I grow both great and common camas in my yard, in a patch that is very shady and soggy in the winter, and bright and dry in the summer. When I planted it four years ago, I was vaguely aware that it could be eaten, and a couple of years ago I looked into how to harvest/prepare and read a lot of the materials cited in the article. It's quite the involved process, and you have to have a ton of it to make it "worth" it, in my estimation. I'm not going to leave my slow cooker on for 24 hours for a couple of bulbs! But it's on my list for the future. It's really a great plant.
posted by stowaway at 11:42 AM on February 12


Ah! I saw this on the main page and wondered if it was camas. I didn't know it was grown that far north and west.
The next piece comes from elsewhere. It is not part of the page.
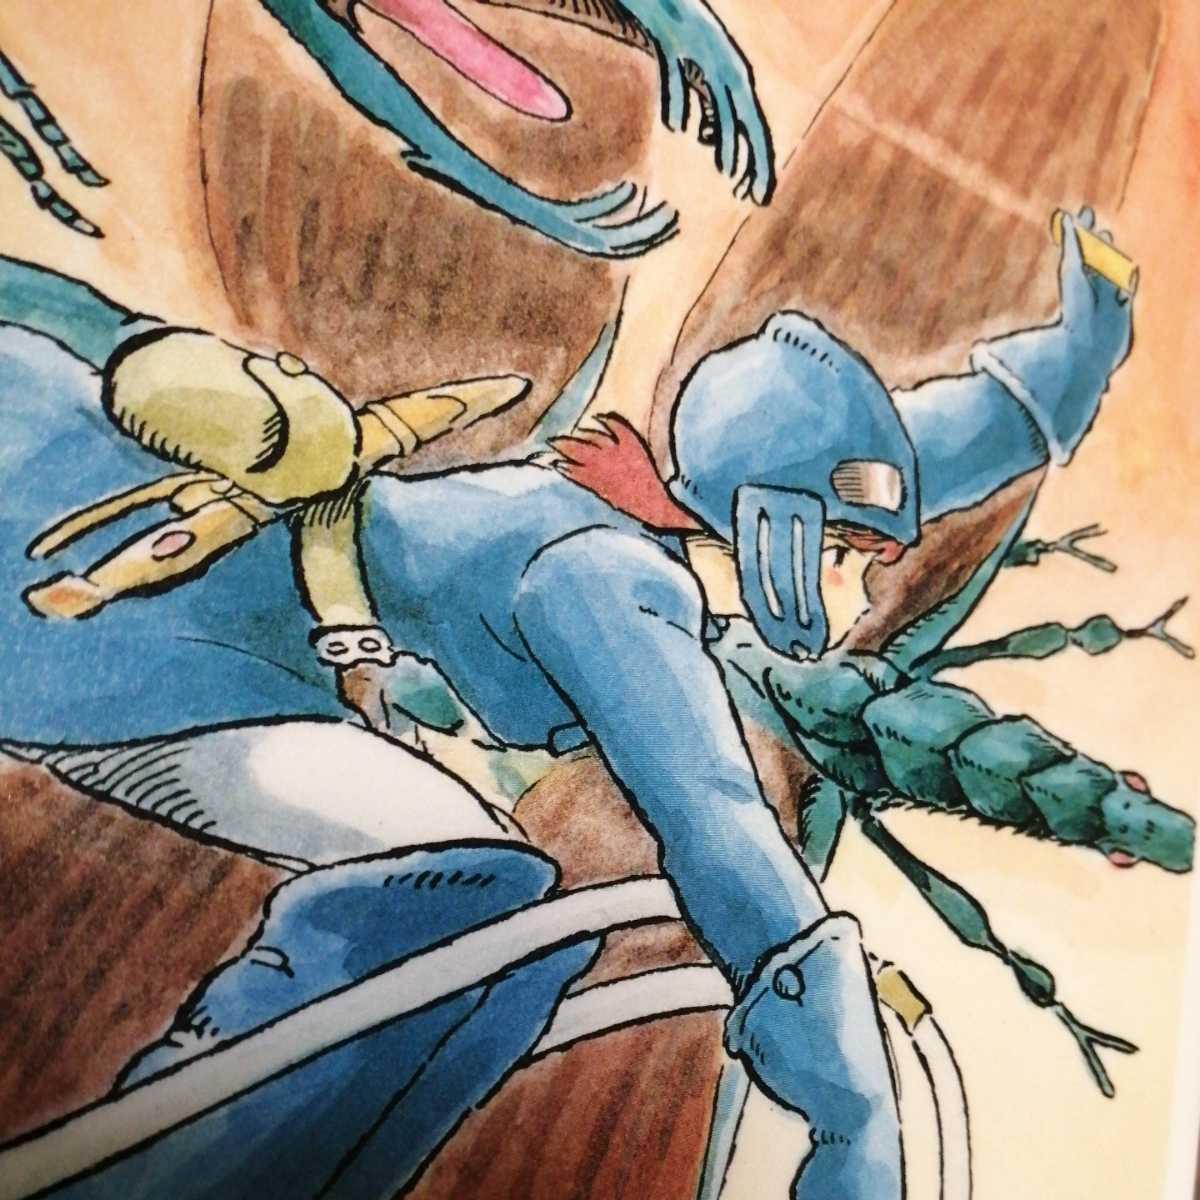 スタジオジブリ 風の谷のナウシカ ジブリカード ナウシカイラスト画 ラミネートカード パネル ポストカード ポスター 宮崎駿v_画像3

I knew my friend who grew up in northern Idaho was familiar with camas, and down here (willamette valley area) yes. Our temple planted camas on our grounds. I have never cooked it but I might try to now.

Also gawd I love Hakai magazine
posted by nixon's meatloaf at 12:07 PM on February 12


I'm very surprised that the article doesn't seem to warn about death camas! The safe and the deadly kinds of camas can only be told apart when they are blooming. The tubers are indistinguishable.
posted by monotreme at 12:20 PM on February 12 [6 favorites]


about halfway through is this:

And in 2005, the Northwest Indian College began leading field trips to dig wild camas bulbs in the spring (when the plant is in bloom and a casual observer can easily differentiate it from death-camas, a poisonous look-alike).
posted by poffin boffin at 12:30 PM on February 12 [3 favorites]


I feel like I have eaten bulb-type foods in Chinese cuisine. Maybe the camas bulb could find options there?